Operation, obtains resultIt calculates
C. i=i+1 is updated;
D. circulation executes step b to c, until i > numF is obtained after circulation terminates:
(3-3) is to bottom-up video features figure Fbottom-upIn each tomographic image featureCarrying out convolution kernel is
conv3, step-length stride3Convolution operation, obtained result is denoted as Fi, obtained all FiConstitute multidimensional fusion feature figure
F, F={ Fi| i=1,2 ..., numF };
(4) by multidimensional fusion feature figure F input area candidate network, K detection target is exported, obtains target position set
Box={ Boxj| j=1,2 ..., K } and corresponding personage's Making by Probability Sets Person={ Personj| j=1,2 ..., K }, it is described
BoxjIndicate the position of j-th of detection target, PersonjIndicate that j-th of detection target is the probability of personage, Personj∈ [0,
1], PersonjThe bigger expression detection target of value be personage a possibility that it is bigger;
(5) classified according to Person to detection target, the real border frame position that K detection target is arranged is
PPerson={ PPersonj| j=1,2 ..., K }, calculate group personage classification loss function Losscls, calculation formula isWherein, PPersonjIndicate the true classification of j-th of detection target, PPersonj
Value is 0 or 1, PPersonj=0 indicates that the detection target is not personage, PPersonj=1 indicates that the detection target is personage;
(6) according to Box and Person regressive object position, the actual position of K detection target is set are as follows:
BBox={ BBoxj| j=1,2 ..., K }
Calculate group's character positions loss function are as follows:
Wherein, BBoxjIndicate the actual position of j-th of detection target;
(7) group personage detection and localization penalty values Loss, calculation formula Loss=Loss are calculatedcls+λLosslocIf
Loss≤Lossmax, then region candidate network is trained finishes, output area candidate network parameter, executes step (8);If
Loss > Lossmax, then each layer of update area candidate network of parameterThen return step (4), again
Carry out person detecting;LossmaxIt is preset crowd's detection and localization maximum loss value, λ is that position returns and human classification task
Balance factor, α are the learning rates of stochastic gradient descent method,Indicate the local derviation of group personage detection and localization loss function
Number;
(8) video to be detected is reacquired, video to be detected is successively normalized, feature extraction and feature
Fusion, obtains the multidimensional fusion feature figure F of video to be detectednew, by FnewThe trained region candidate net of input step (7)
Network obtains the group personage detection and localization result in new video.
Further, in the step (1), H=720, W=1280.
Further, in the step (2), numF=4.
Further, in the step (3), conv1=1, stride1=1, upSample1=2, conv2=3,
stride2=2, conv3=1, stride3=1.
Further, in the step (4), K=12;In the step (7), Lossmax=0.5, λ=1, α=
0.0001。
The utility model has the advantages that the invention adopts the above technical scheme compared with prior art, have following technical effect that
The present invention extracts the video presentation of video multi-layer, carries out binary feature processing, merges multi-layer video features figure
Multidimensional fusion feature is obtained, video candidate target is grabbed, parallel processing candidate target position returns and category classification, completes video
Group's personage's detection and localization.The present invention obtains video semanteme information abundant by fusion multi-layer feature, while carrying out more
Business predicted operation, effectively promotes the speed of group personage detection and localization, has good accuracy rate and implementation, specifically:
(1) present invention establishes top-down and bottom-up binary feature treatment channel, sufficiently excavates the semanteme of video
Information improves hierarchy characteristic utilization rate.

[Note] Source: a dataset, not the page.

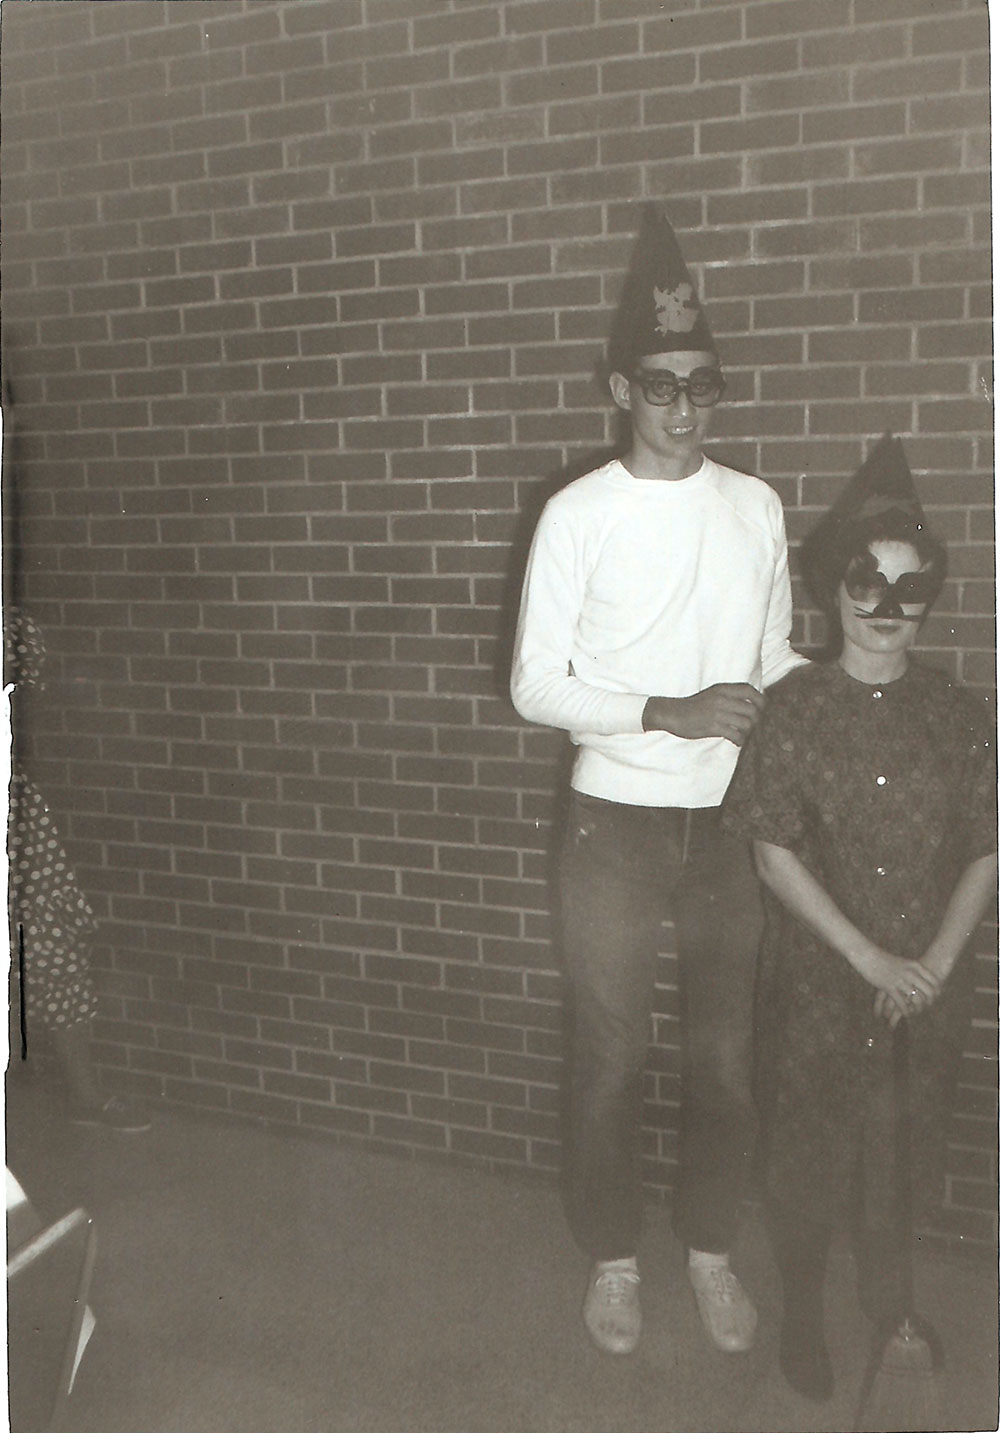 (FNB.2010.11.24) - Halloween Party, c. early 1960s
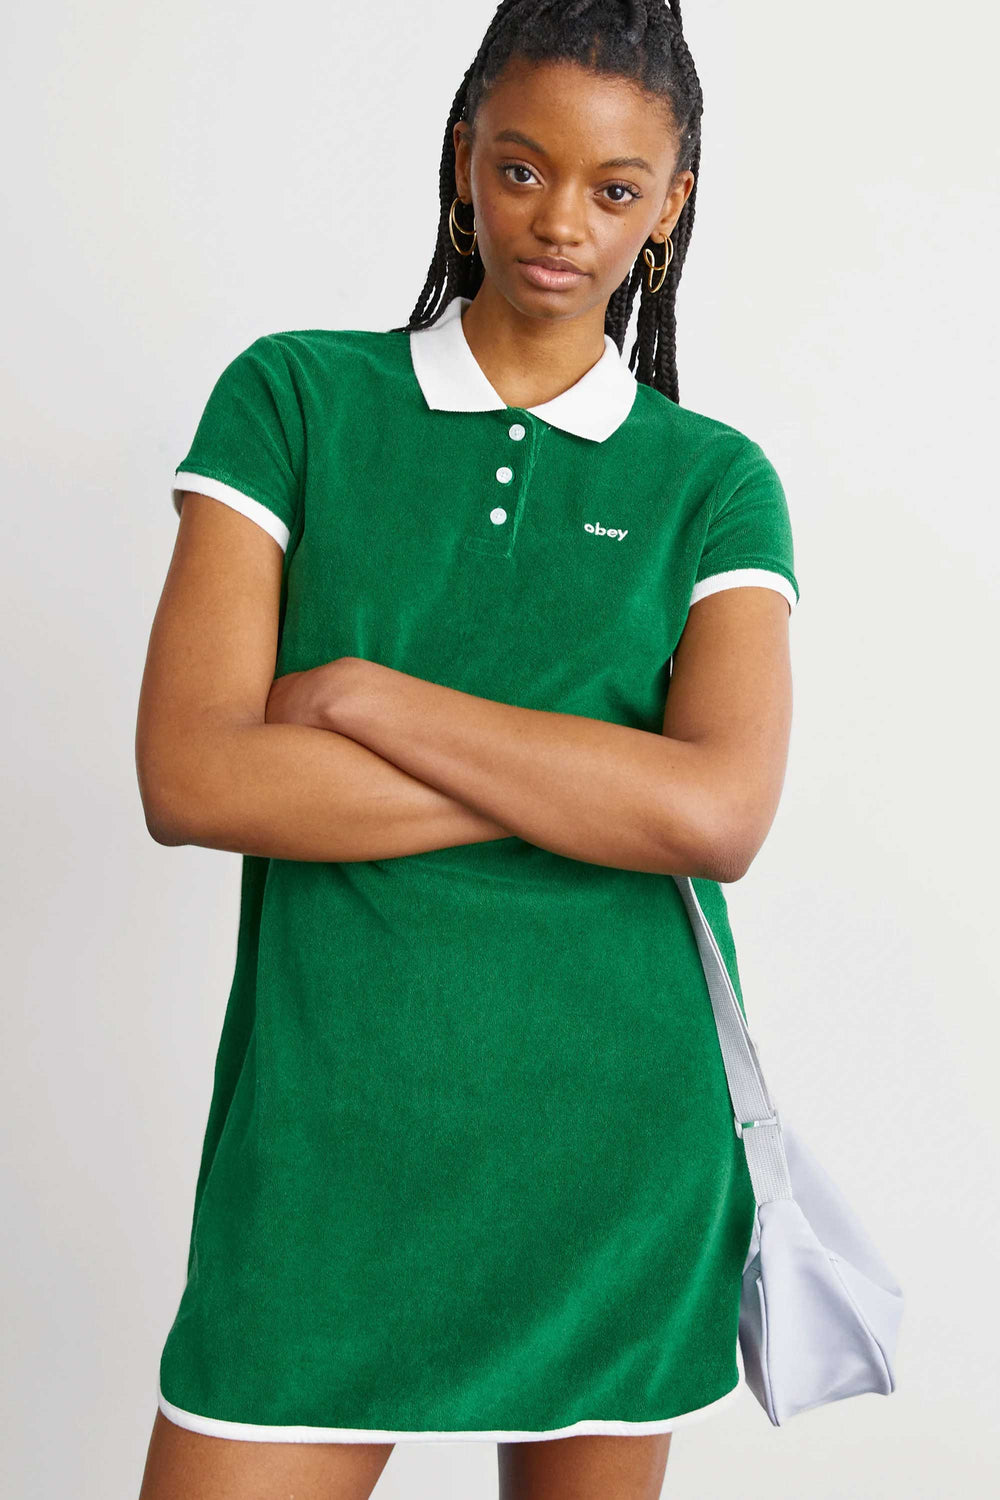 Pukas-Surf-Shop-obey-clare-polo-dress-green

(2) present invention fusion multidimensional video feature organically combines position accurately low-level image feature and semantic top layer abundant
Feature can preferably improve detection accuracy.
(3) the multiple prediction tasks of parallel processing of the present invention, and task balance factor is set, be conducive to be built according to scene characteristic
Found optimum detection model.
Detailed description of the invention
Fig. 1 is the video group personage position finding and detection method process based on multidimensional fusion feature;
Fig. 2 is the structure chart of one of present invention region candidate network;
Fig. 3 is distinct methods Detection accuracy comparison diagram.
Specific embodiment
Technical solution of the present invention is described in further detail in the following with reference to the drawings and specific embodiments:
Embodiment 1: Fig. 1 is video group personage's position finding and detection method based on multidimensional fusion feature that the present embodiment proposes
Flow chart, specifically includes the following steps:
One, pre-process: video of the input as training sample, kind of object and position in video it is known that video by
Frame carries out size normalization, the size of each frame video frame is uniformly scaled H × W size, H indicates video frame height, W table
Show video frame width;This step is equivalent to pretreatment, is conducive to subsequent detection, in the present embodiment, H=720, W=1280.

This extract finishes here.